95 anos do CNE-Madeira assinalados com Eucaristia na Igreja do Colégio

O CNE conta com mais de 900 escuteiros na Região

Foto: Duarte Gomes

Foi com uma Eucaristia celebrada na manhã deste dia 8 de dezembro, na Igreja do Colégio, que o Corpo Nacional de Escutas na Madeira assinalou o seu 95.º aniversário. 

Presidida por D. Nuno Brás e concelebrada por outros sacerdotes, nomeadamente pelo Pe. Fábio Ferreira, Assistente Regional do CNE, esta foi uma oportunidade para o bispo diocesano explicar, de forma simples, a solenidade que se comemora neste dia dedicado à Imaculada Conceição, padroeira de Portugal.

Depois das boas vindas aos escuteiros e às entidades presentes, nomeadamente à Secretária da Juventude e Inclusão Ana Sousa, ao vereador Bruno Pereira e ao chefe nacional do Corpo Nacional de Escutas, Ivo Faria,  o prelado convidou a assembleia a “começar este dia a olhar para Nossa Senhora, porque queremos ser como Ela” e “queremos que Ela nos ensine isso mesmo”.

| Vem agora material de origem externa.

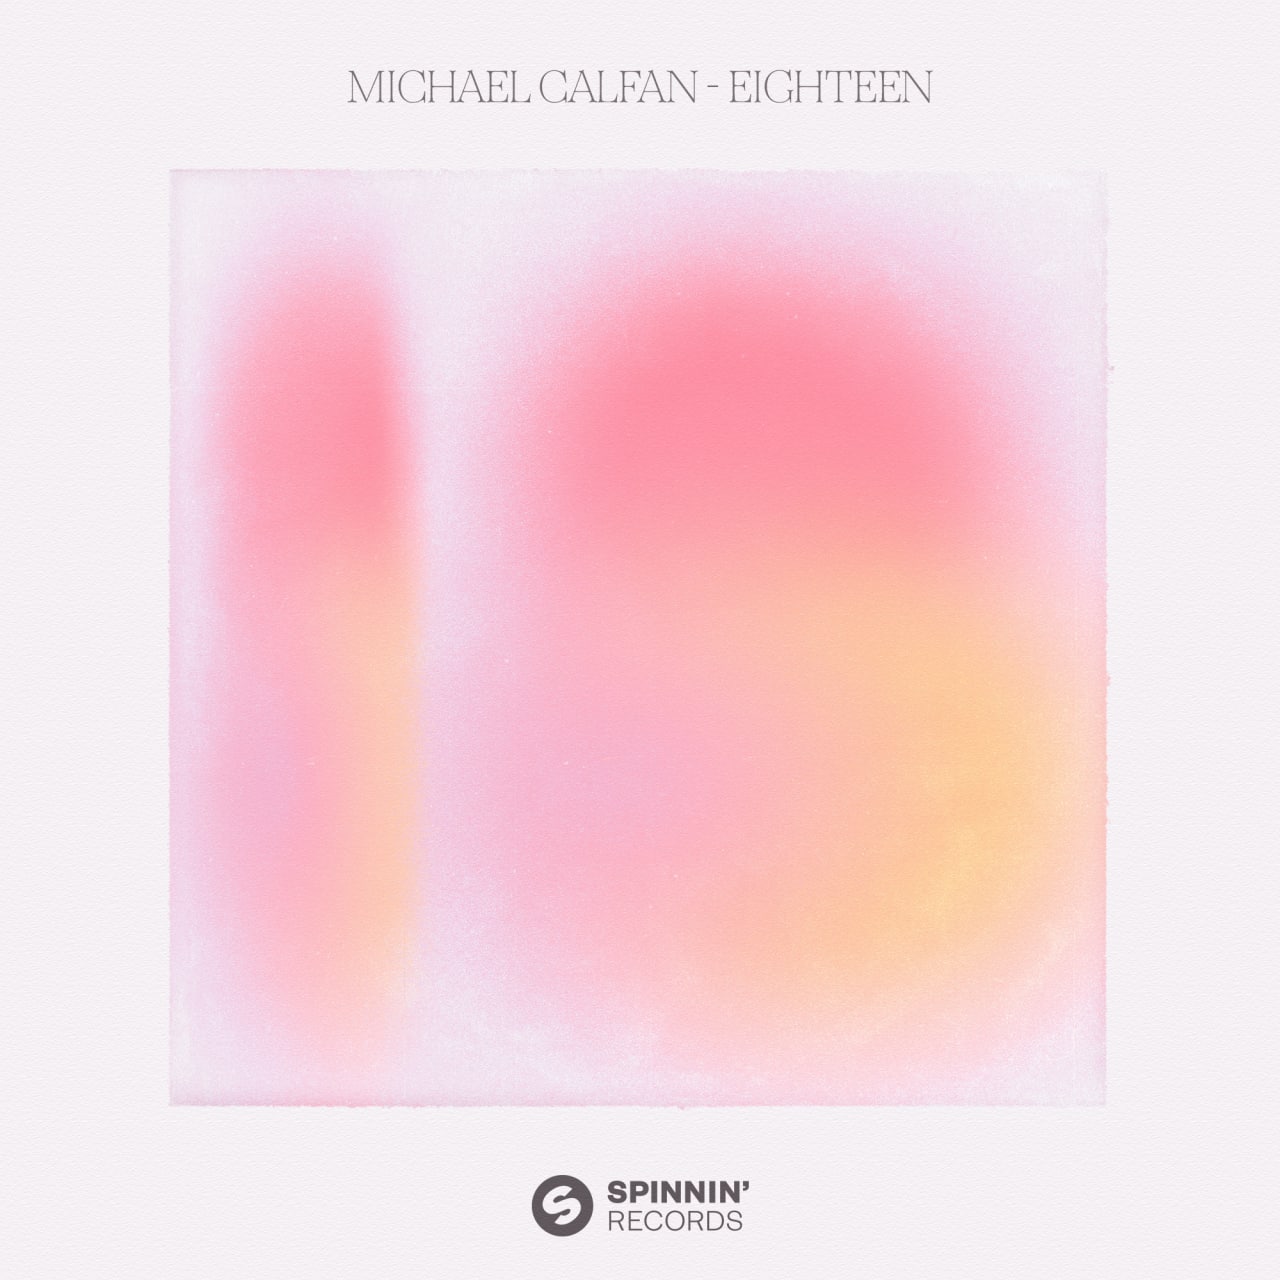 Michael Calfan - Eighteen (Extended Mix)

Na homilia, o bispo do Funchal explicou que Nossa Senhora “se chamava Maria, Maria de Nazaré”, mas que o anjo “aproveitou para lhe colocar uma alcunha e passou a chamá-la a cheia de Graça, tanto que quando rezamos a Ave Maria dizemos, cheia de graça”. 

Mas não se trata de uma graça qualquer. Trata-se “de sentir que aquela pessoa tem qualquer coisa que me faz sentir bem, que me faz querer ser melhor, de ser mais, e de não ficar neste dia a dia assim”. Essa, continuou, é “aquela pessoa verdadeiramente cheia de graça”. A pessoa que aceita fazer as coisas que Deus lhe pede de graça. E Nossa Senhora é essa pessoa. A “pessoa que vive com Deus e que recebe o amor de Deus porque sim, de graça, porque Deus quer, Deus chama, Deus transforma-a para Ela ser esta presença cheia de graça no meio de nós”.

É por isso, vincou, “que nós nos sentimos tão bem ao pé de Nossa Senhora, verdadeiramente Ela é a cheia de Graça”. Daí o convite para que, num momento de silêncio, a assembleia pudesse “dizer a Jesus: Senhor ajuda-me a ser como Maria, cheia de Graça”.